By the time we needed to start heading up again, there were few parts of me that didn’t hurt. I’ve developed a good degree of resilience when it comes to riding. Walking, not so much. Climbing, none at all. “W-wait a minute,” I panted, trying to snatch a breath from the wind-less fierce in the valley but still insistent. The air seemed thinner, unwilling to replenish my lungs. Snorri didn’t appear to notice, his breathing scarcely harder now than when we started the climb.
“Come.” He said it with a grin, though he had grown more sombre as we went on. “It’s good to make a stand in a high place. Good for the battle. Good for the soul. We’ll make an end of this.” He looked back at the ridge we descended from. “I had dark dreams last night. Of late all my dreaming has been dark. But there’s nothing of darkness in warriors met for battle on a mountainside beneath a wide sky. That, my friend, is the stuff of legend. Valhalla awaits!” He thumped my shoulder and turned to the climb. “My children will forgive their father if he dies fighting to be with them.”

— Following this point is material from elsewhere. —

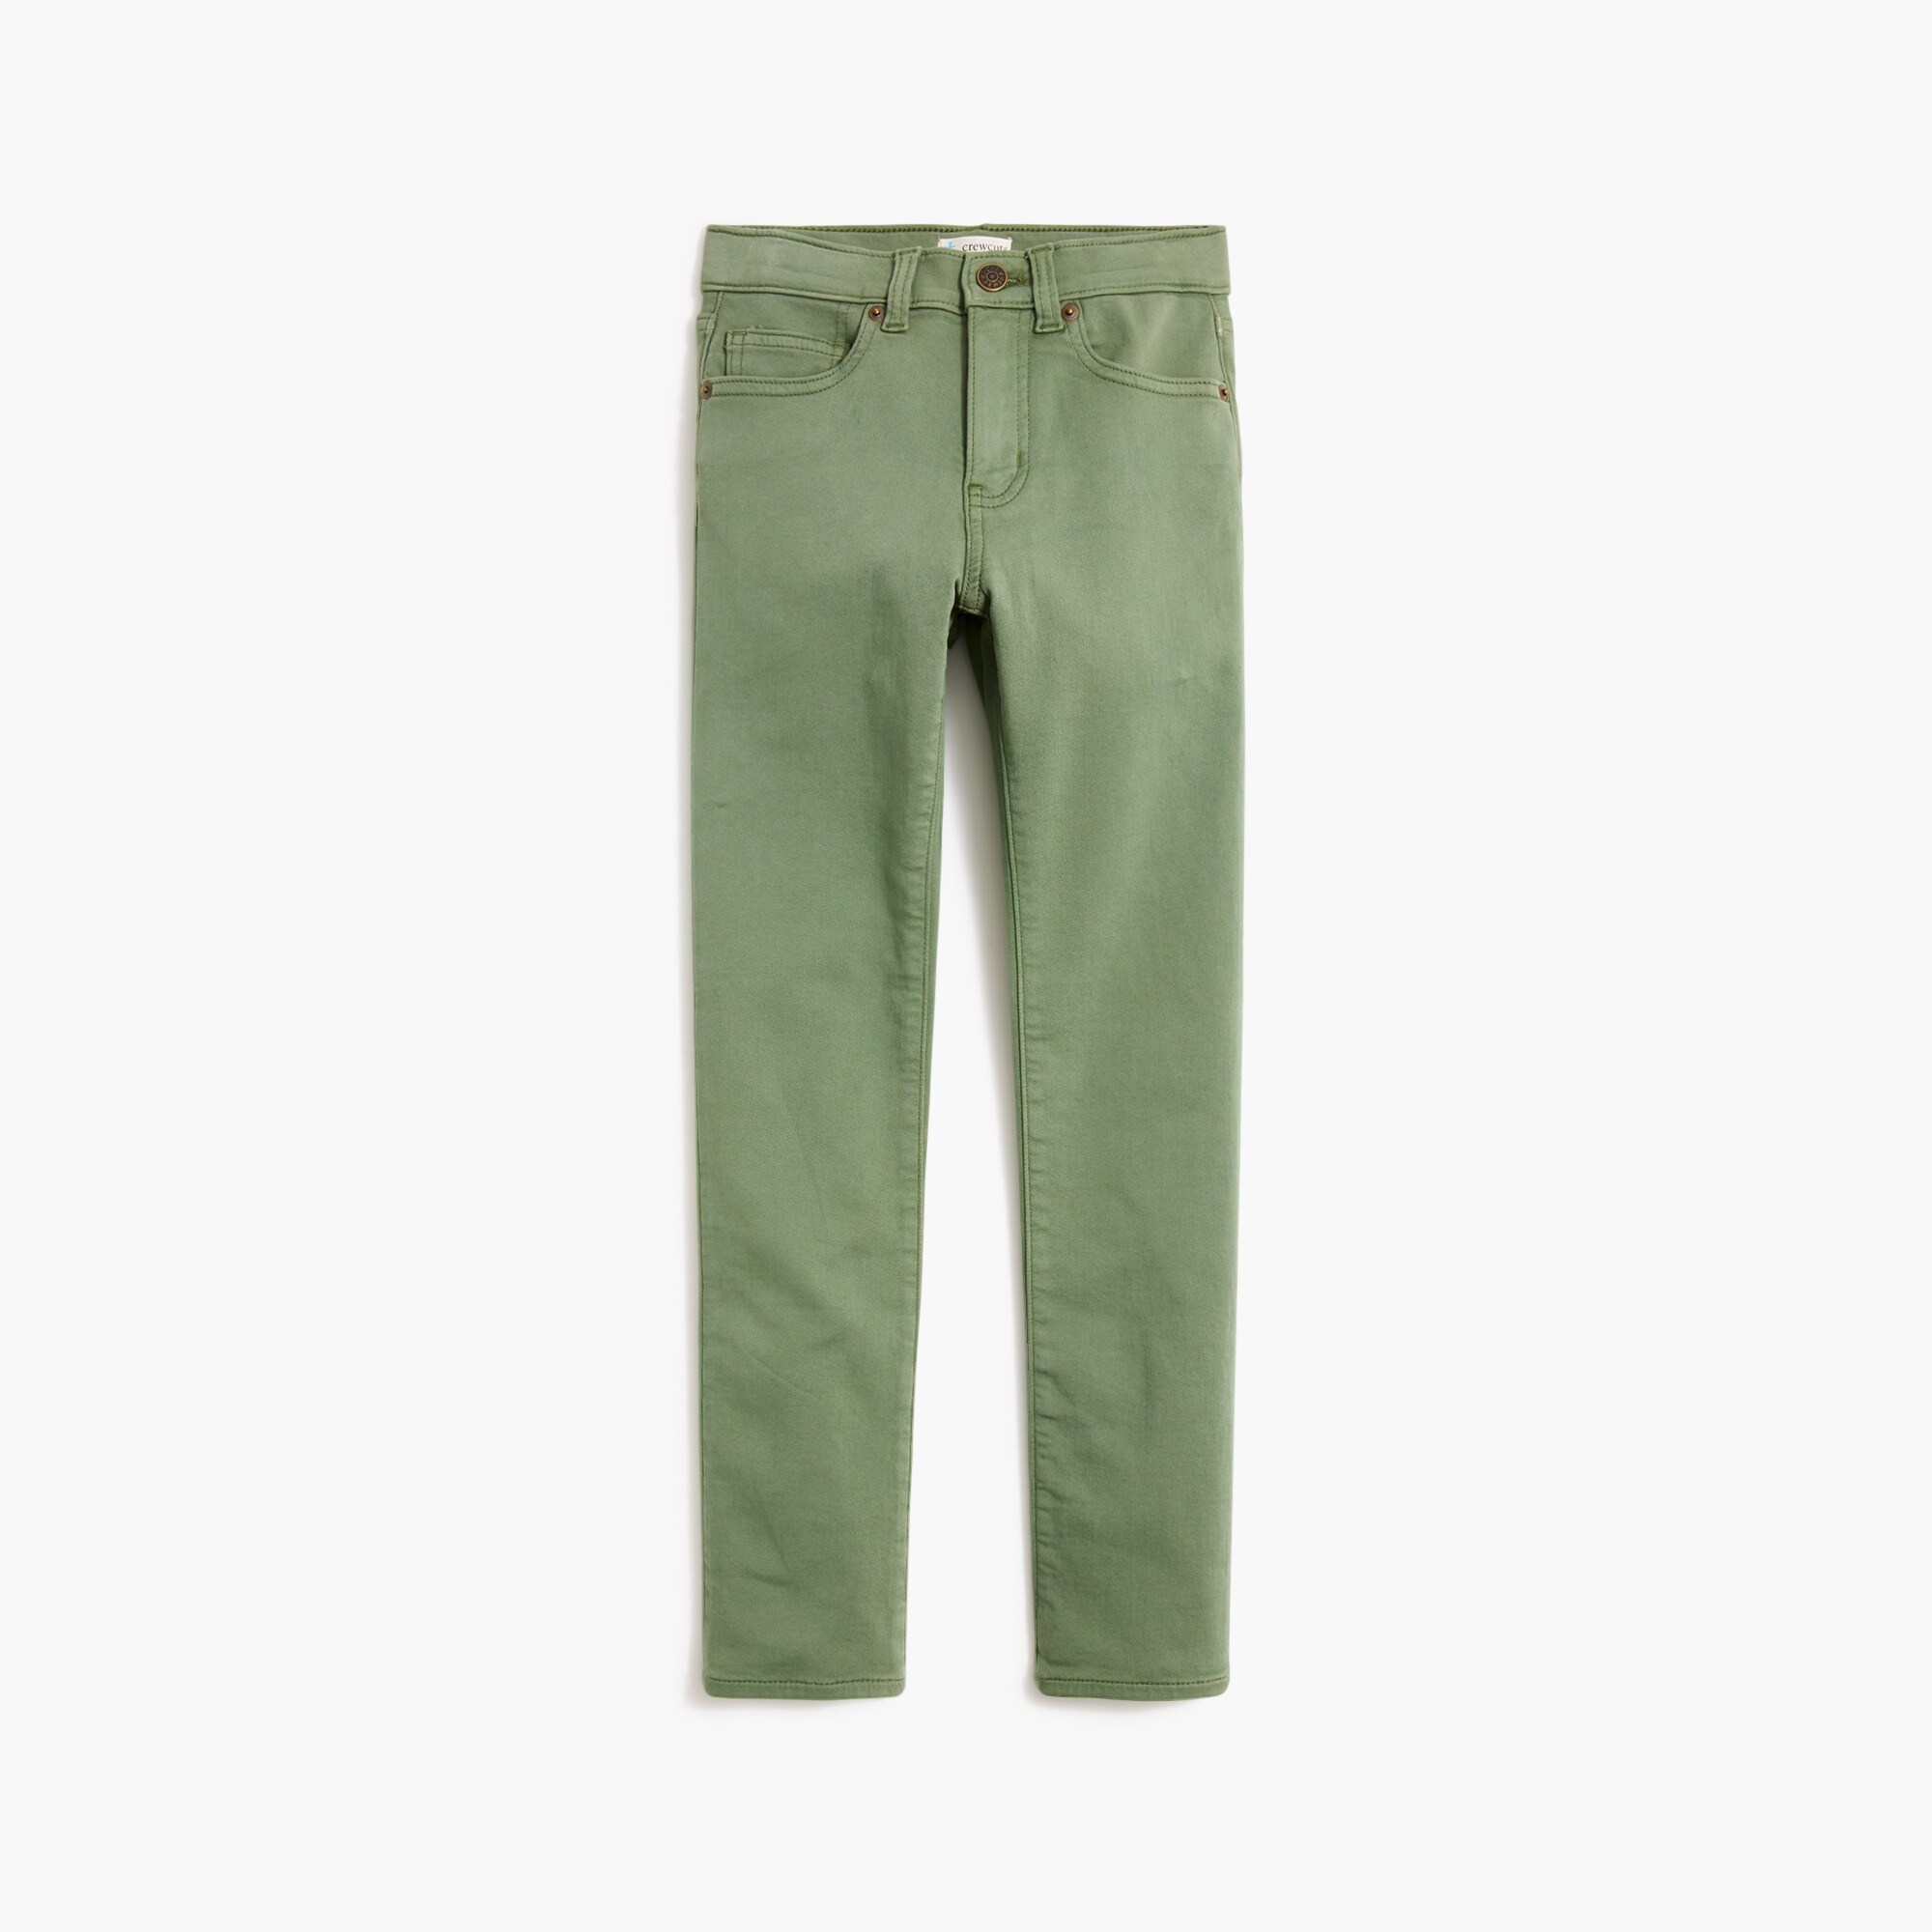  Boys' slim-fit garment-dyed jean

Rubbing at my shoulder and at the stitch in my side, I followed. His “warriors met beneath a wide sky” nonsense was full of darkness as far as I was concerned, but as long as we were still doing our best not to meet the mercenaries anywhere at all, then we were in accord.
We had to scramble in places, leaning so far forwards we practically kissed the mountain, reaching for crevices in the folded bedrock to haul ourselves up. My breath came ragged, the cold air filling my lungs like knives. I watched Snorri path-finding, sure, measured, no fatigue, but favouring his uninjured leg. He had spoken of his dreams, but he didn’t have to. I’d slept alongside him, heard his muttering, as if he argued the night away with some visitor and when he woke that morning on the tavern floor his eyes, usually a Nordic blue, sky pale, were black as coals. By the time he rose to break fast, no trace of the change remained and I could pretend it a trick of shadows in a hall lit only by borrowed light. But I had not imagined it.
I sighted the first of the pursuit cresting the ridge behind us while we closed the last hundred yards to the ridge above us. Losing sight of them as we descended the next gorge gave me some comfort. Troubles are troublesome enough without having to look at them all the time. I hoped they’d find the going as tough as I had and that at least a few of the bastards would take the last tumble of their lives.
The shadows started to reach, striating the slopes. My body told me we’d been climbing for a month at the least, but my mind was surprised to discover the day almost over. Night would at least offer a chance to stop-to snatch some rest. Nobody could navigate slopes like these in the dark.